How to call a function from a std::variant of different return type function pointers?

How can you call a function from a std::variant of different return type function pointers?

For example, if I dont use std::variant (assuming the function return type is void):

void print()
{
    std::cout << "Hello World!" << std::endl;;
}

void run_func(void (*func)())
{
    func();
}

int main()
{
    run_func(print);
}

Output:

Hello World! (as expected)

How can this be done while using a std::variant of return types, so that i can call functions of different return types.

For example:

void print()
{
    std::cout << "Hello World!" << std::endl;
}

void run_func(std::variant<void (*)(), int (*)(), unsigned int (*)()> func)
{
    func(); // will return whatever type it is (void in this case)
}

int main()
{
    run_func(print);
}

The code above is non-functional but gives an idea of what im trying to explain.

Upvotes: 1

Views: 1718

Answers (3)

AndyG
AndyG

Reputation: 41100

You must visit your variant:

void run_func(std::variant<void (*)(), int (*)(), unsigned int (*)()> variant)
{
    std::visit([](auto fptr){fptr();}, variant);
}

Live C++17 demo

If you actually want to get the int or unsigned int back out, we can return another variant as a result of calling run_func.

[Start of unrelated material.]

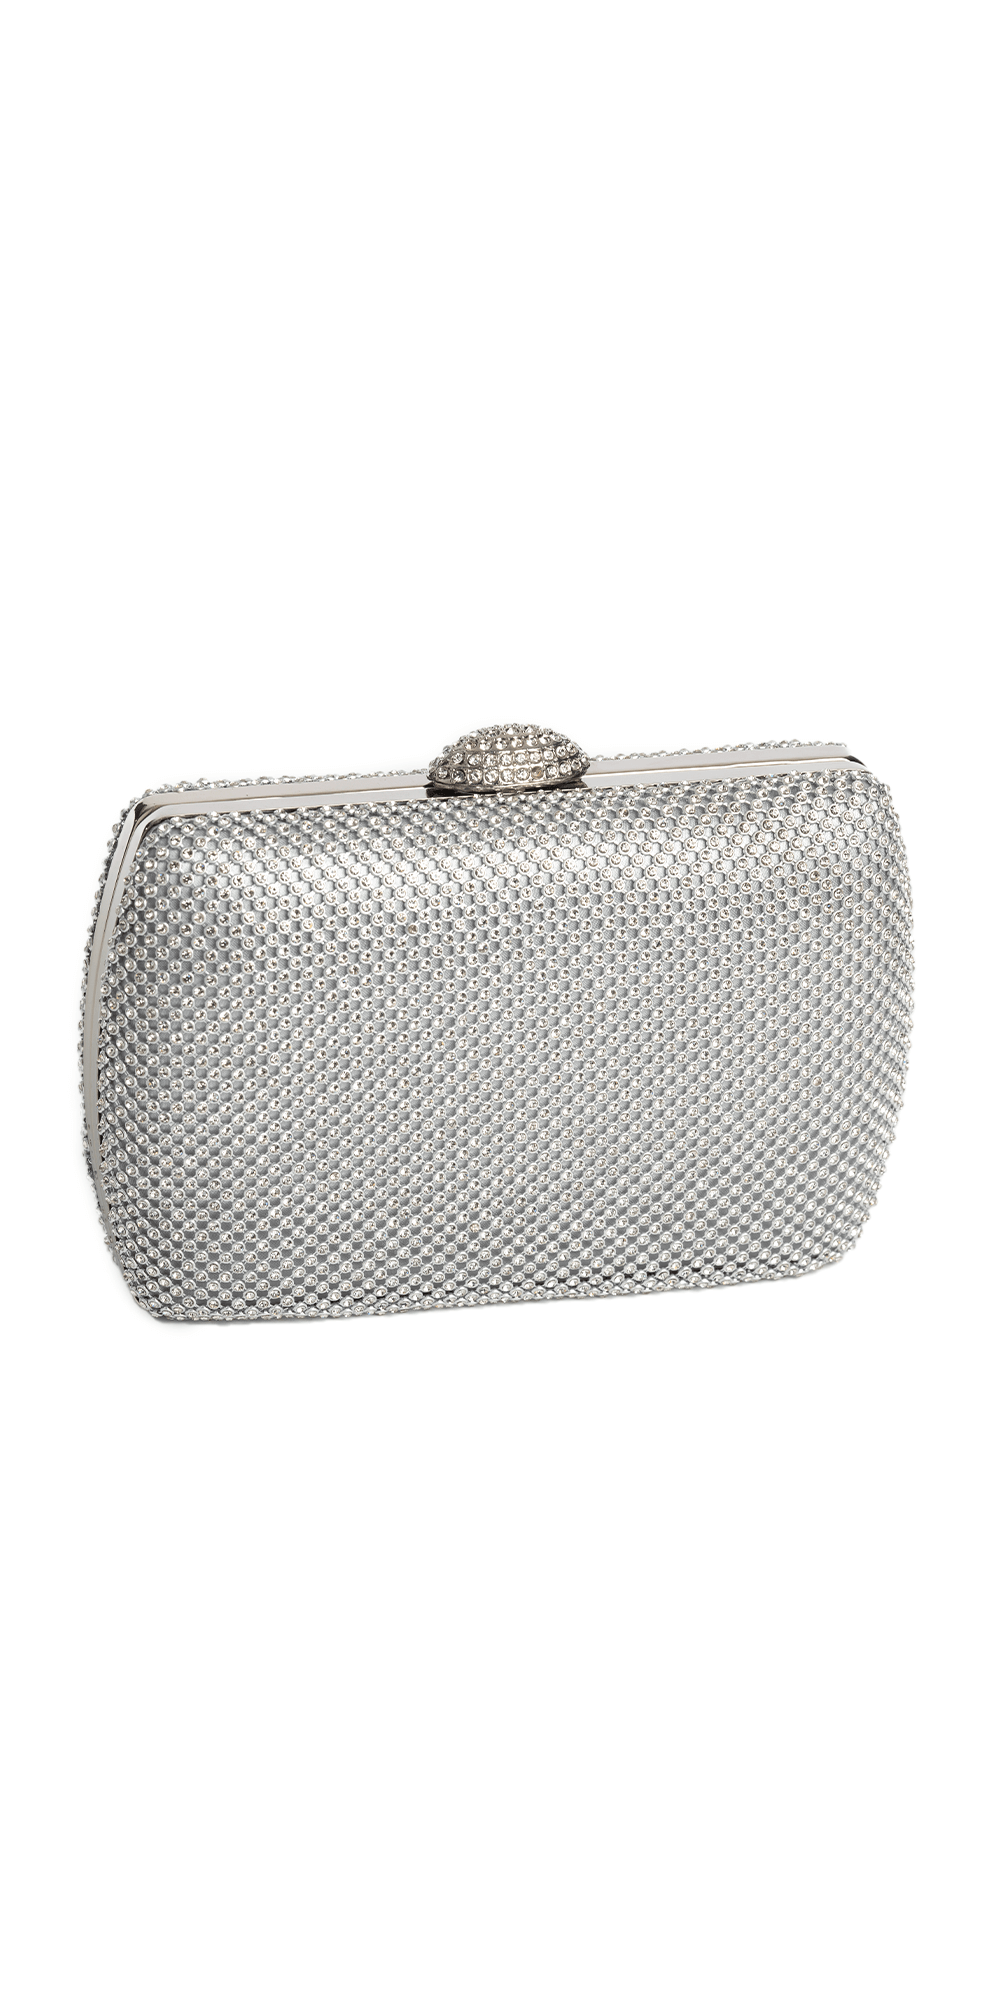 Camille La Vie Micro Stone Mesh Handbag with  Rhinestone Dome Closure OS / silver

I'll be using C++20 because it's more straightforward thanks to template parameter support for lambdas:

auto run_func(std::variant<void (*)(), int (*)(), unsigned int (*)()> variant)
 -> std::variant<std::monostate, int, unsigned int>
{
    using ret_t = std::variant<std::monostate, int, unsigned int>;
    return std::visit([]<class Ret>(Ret (*fptr)()) -> ret_t
    {
        if constexpr (std::is_same_v<void, Ret>)
        {
            fptr();
            return std::monostate{};
        }
        else
        {
            return fptr();
        }
    }, variant);
}

And we can call it like so:

int get_answer(){return 42;}

// ...

std::visit([](auto i){
        if constexpr(!std::is_same_v<decltype(i), std::monostate>)
            std::cout << i << std::endl;
    }, run_func(&get_answer));

C++ 20 demo

With some more work, we could probably generalize run_func to accept any number of different function pointer types, and return an appropriate variant

EDIT

For fun, I've generalized the code to accept any number of function types, with the restriction that none take any args (we could go that far if we really wanted to, though).

It requires we write a number of utility functions to operate on types:

  • unique-ify a typelist (so our returned variant only contains the types it needs)
  • remove void from a list of types (so that we don't try to return a variant with a void type)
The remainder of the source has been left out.